DATA EXCERPT
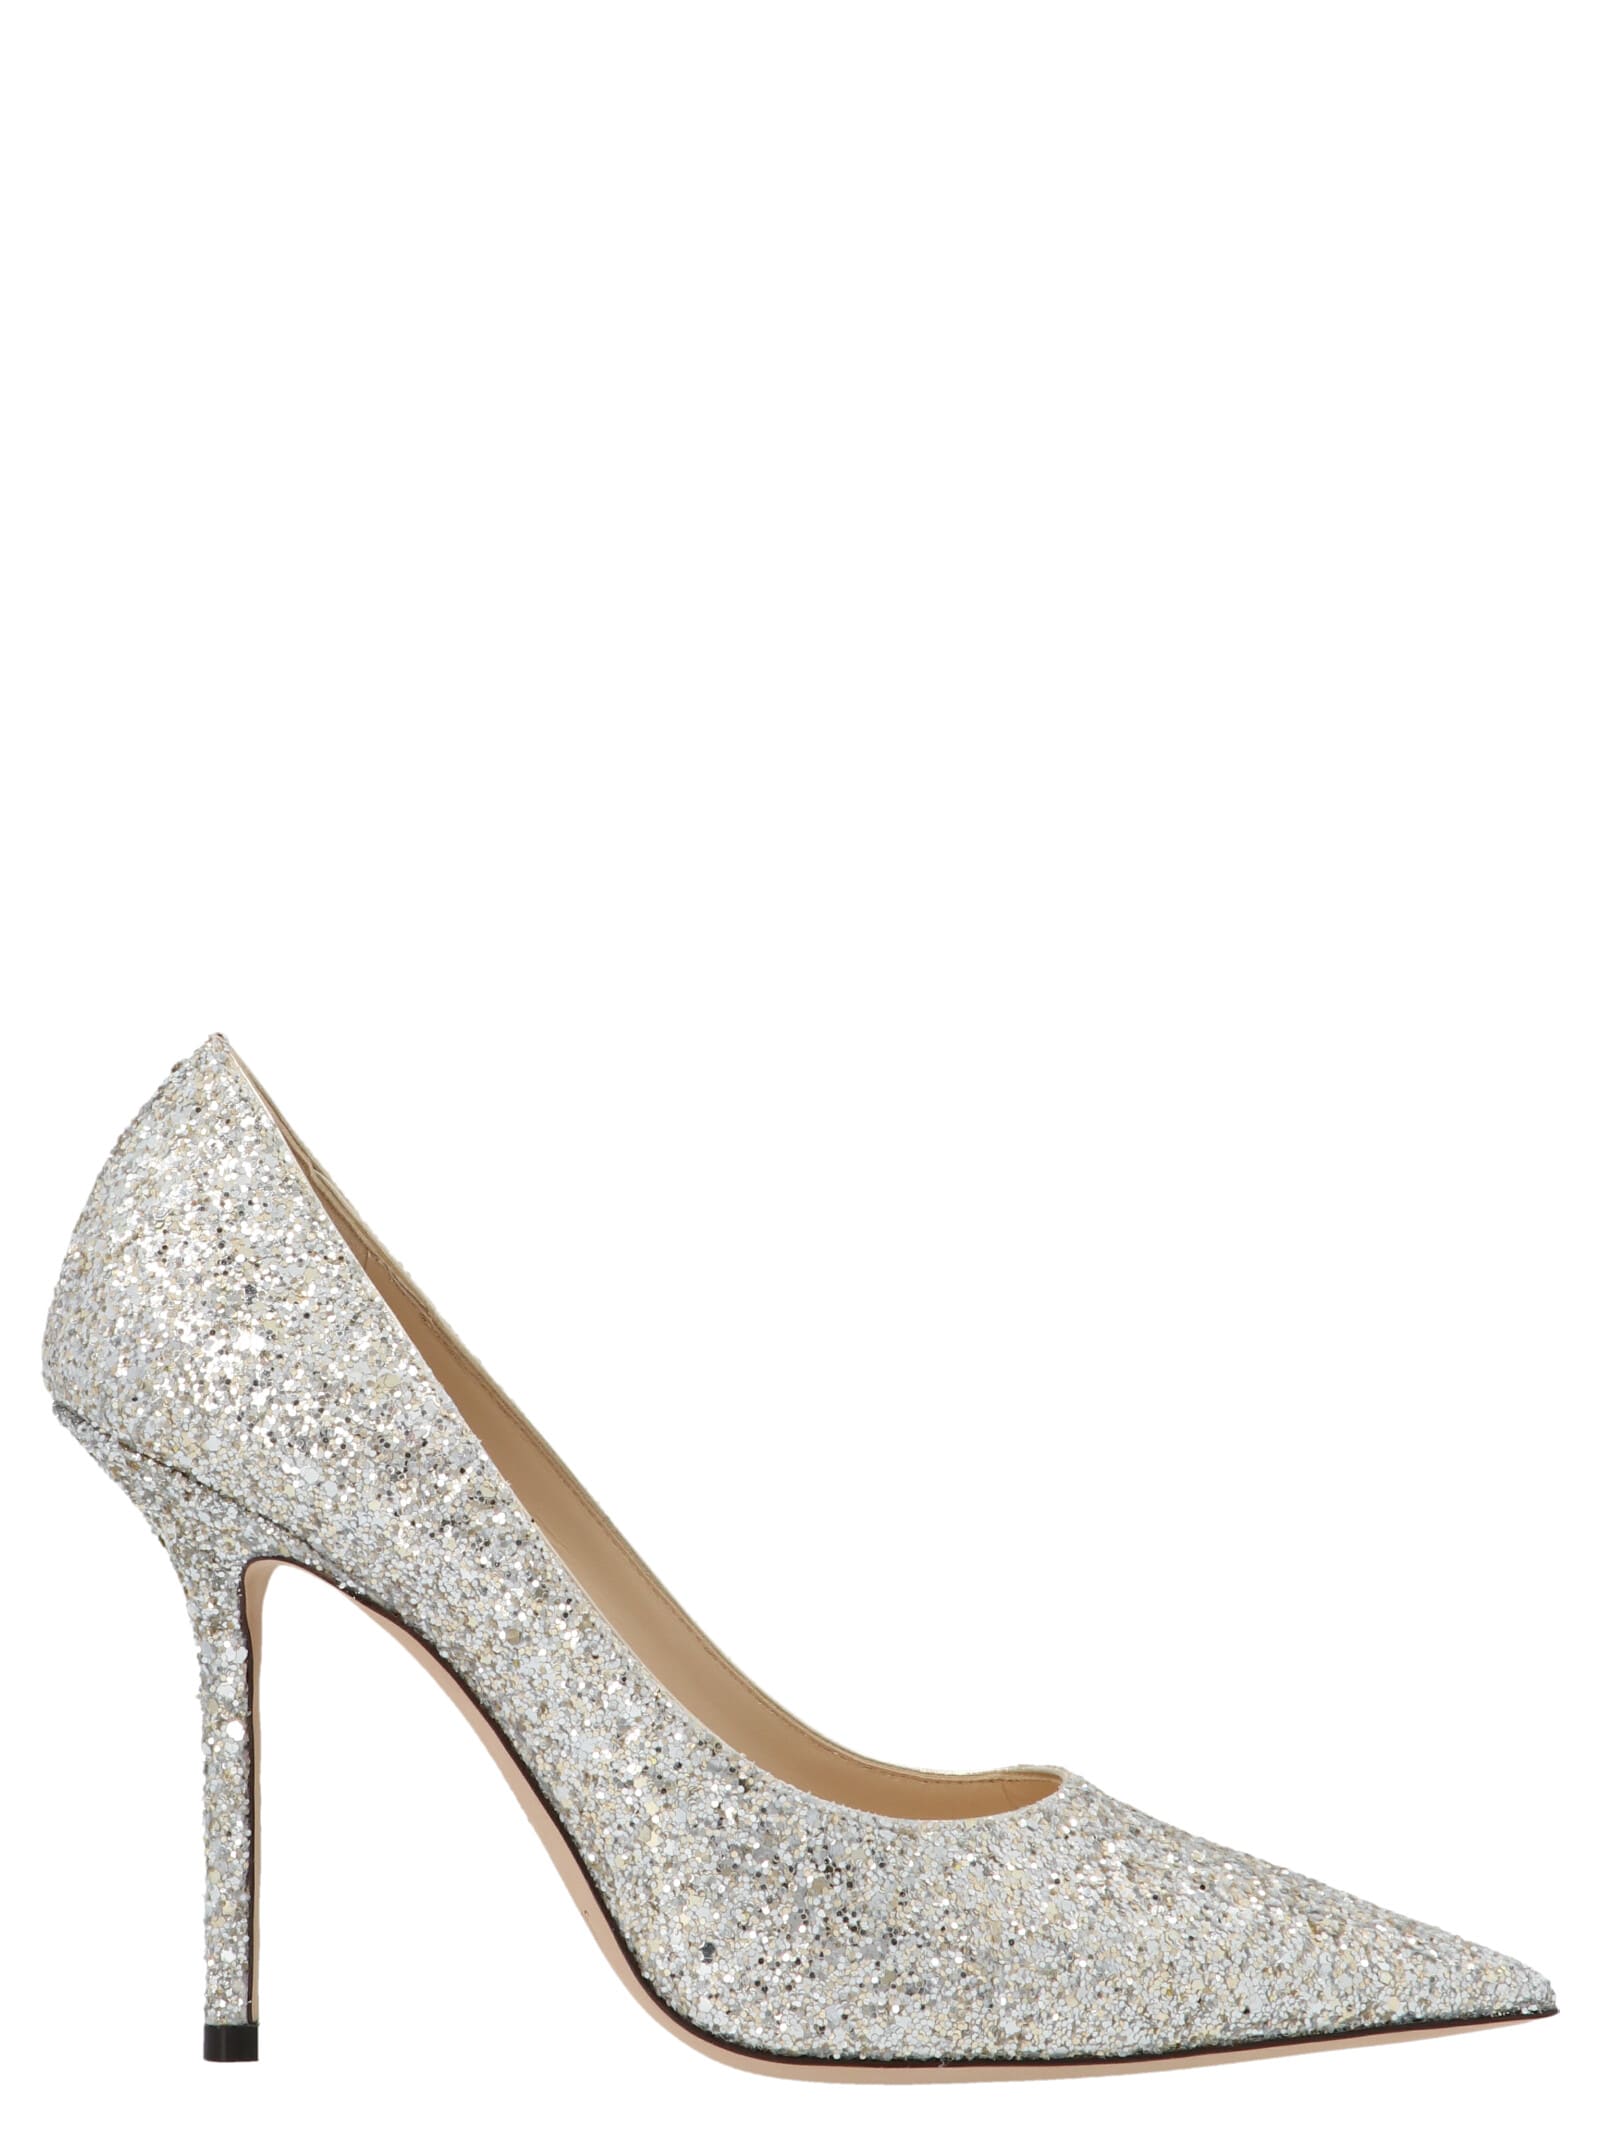 Buy Jimmy Choo love 100 Lld Shoes online, shop Jimmy Choo shoes with free shipping
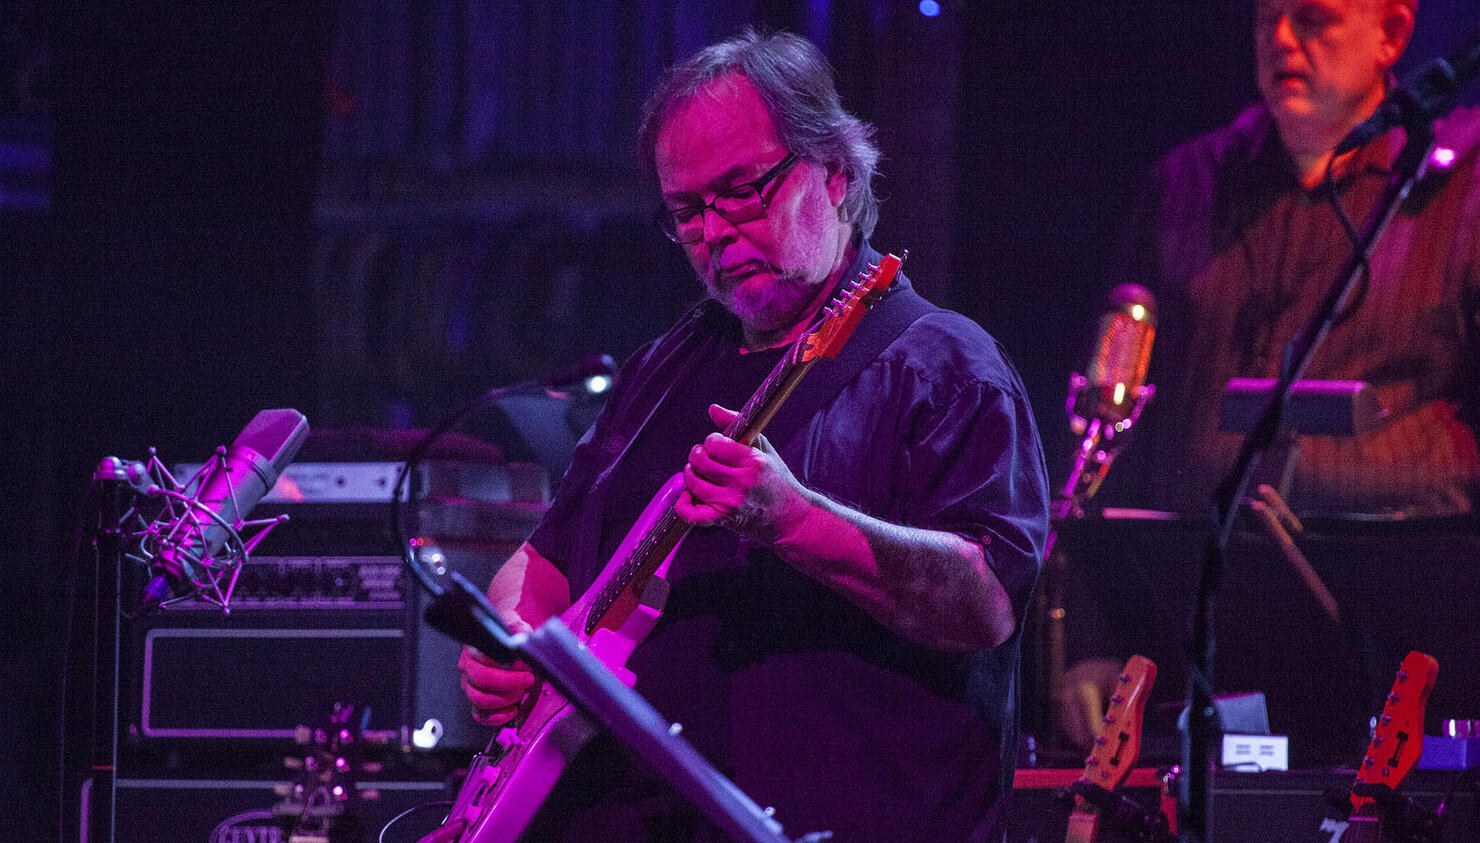 NYC Street to Be Renamed Walter Becker Way in Honor of Steely Dan Co-founder
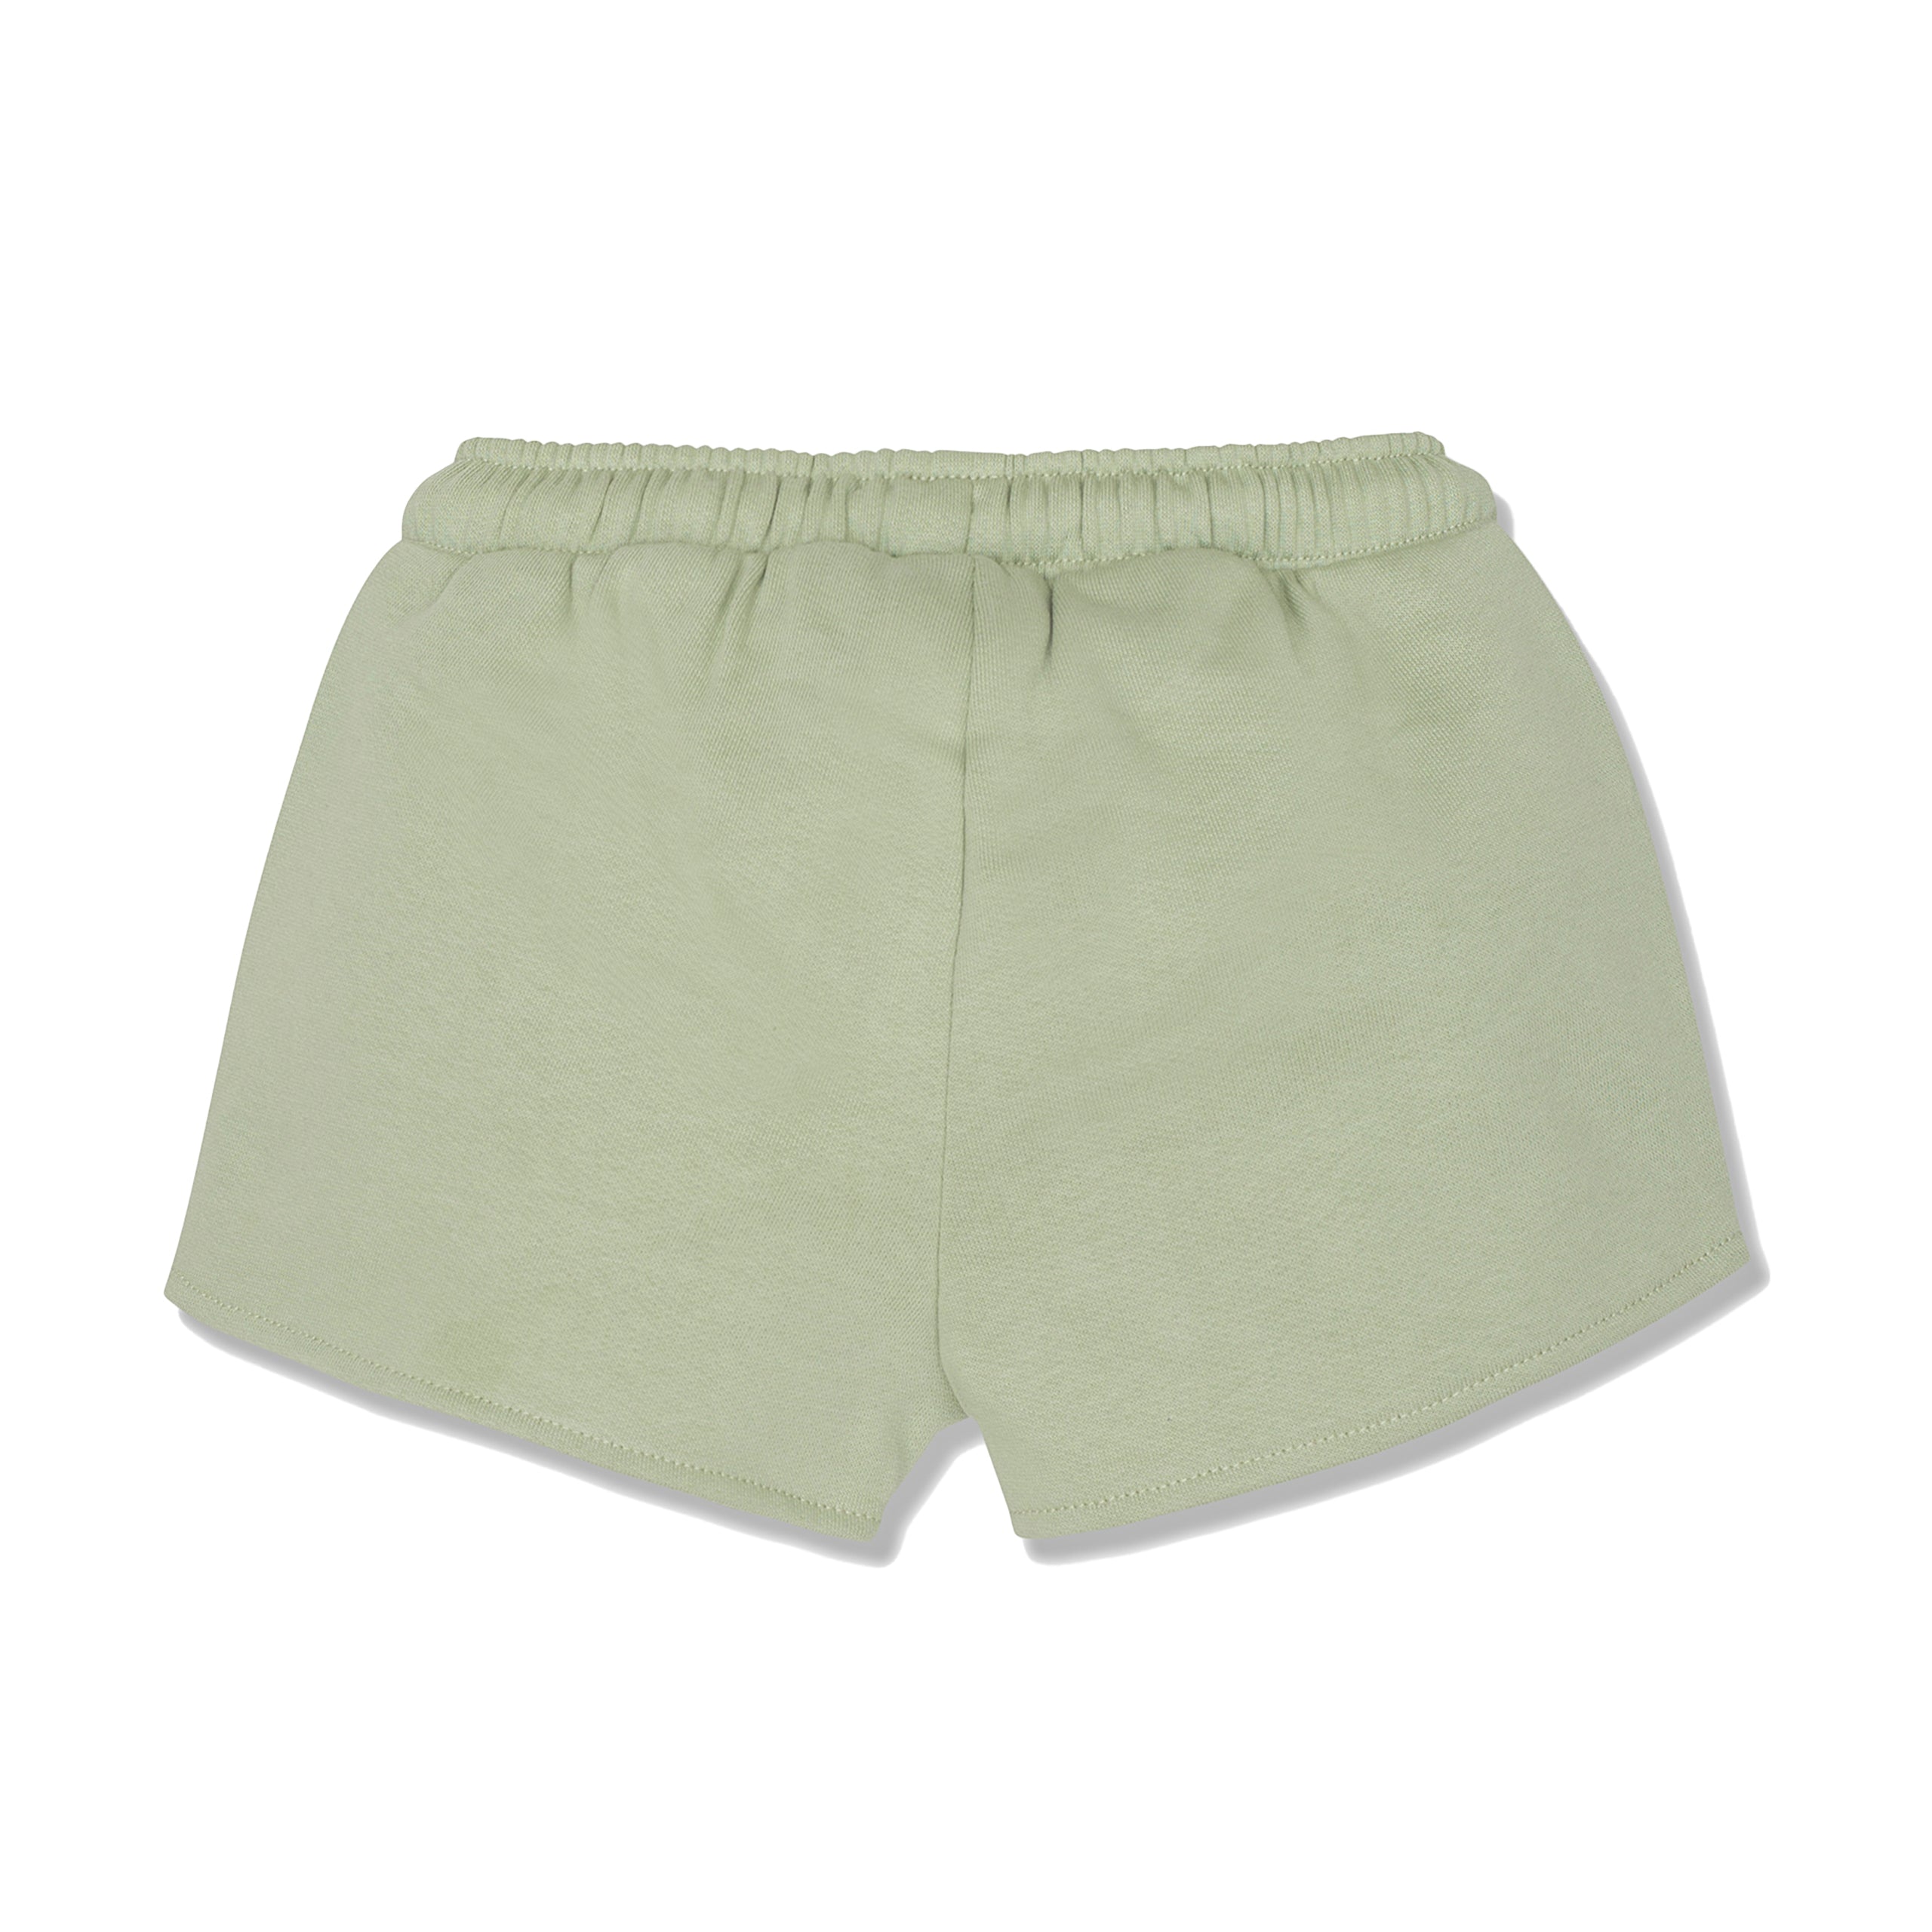 Our soft molleton girl shorts are an easy pull on style with a relaxed fit.

WORK ITEM
Every line of the material must be returned exactly; leave the images out.

TASK RESPONSE
 Buy Jimmy Choo love 100 Lld Shoes online, shop Jimmy Choo shoes with free shipping
 NYC Street to Be Renamed Walter Becker Way in Honor of Steely Dan Co-founder
 Our soft molleton girl shorts are an easy pull on style with a relaxed fit.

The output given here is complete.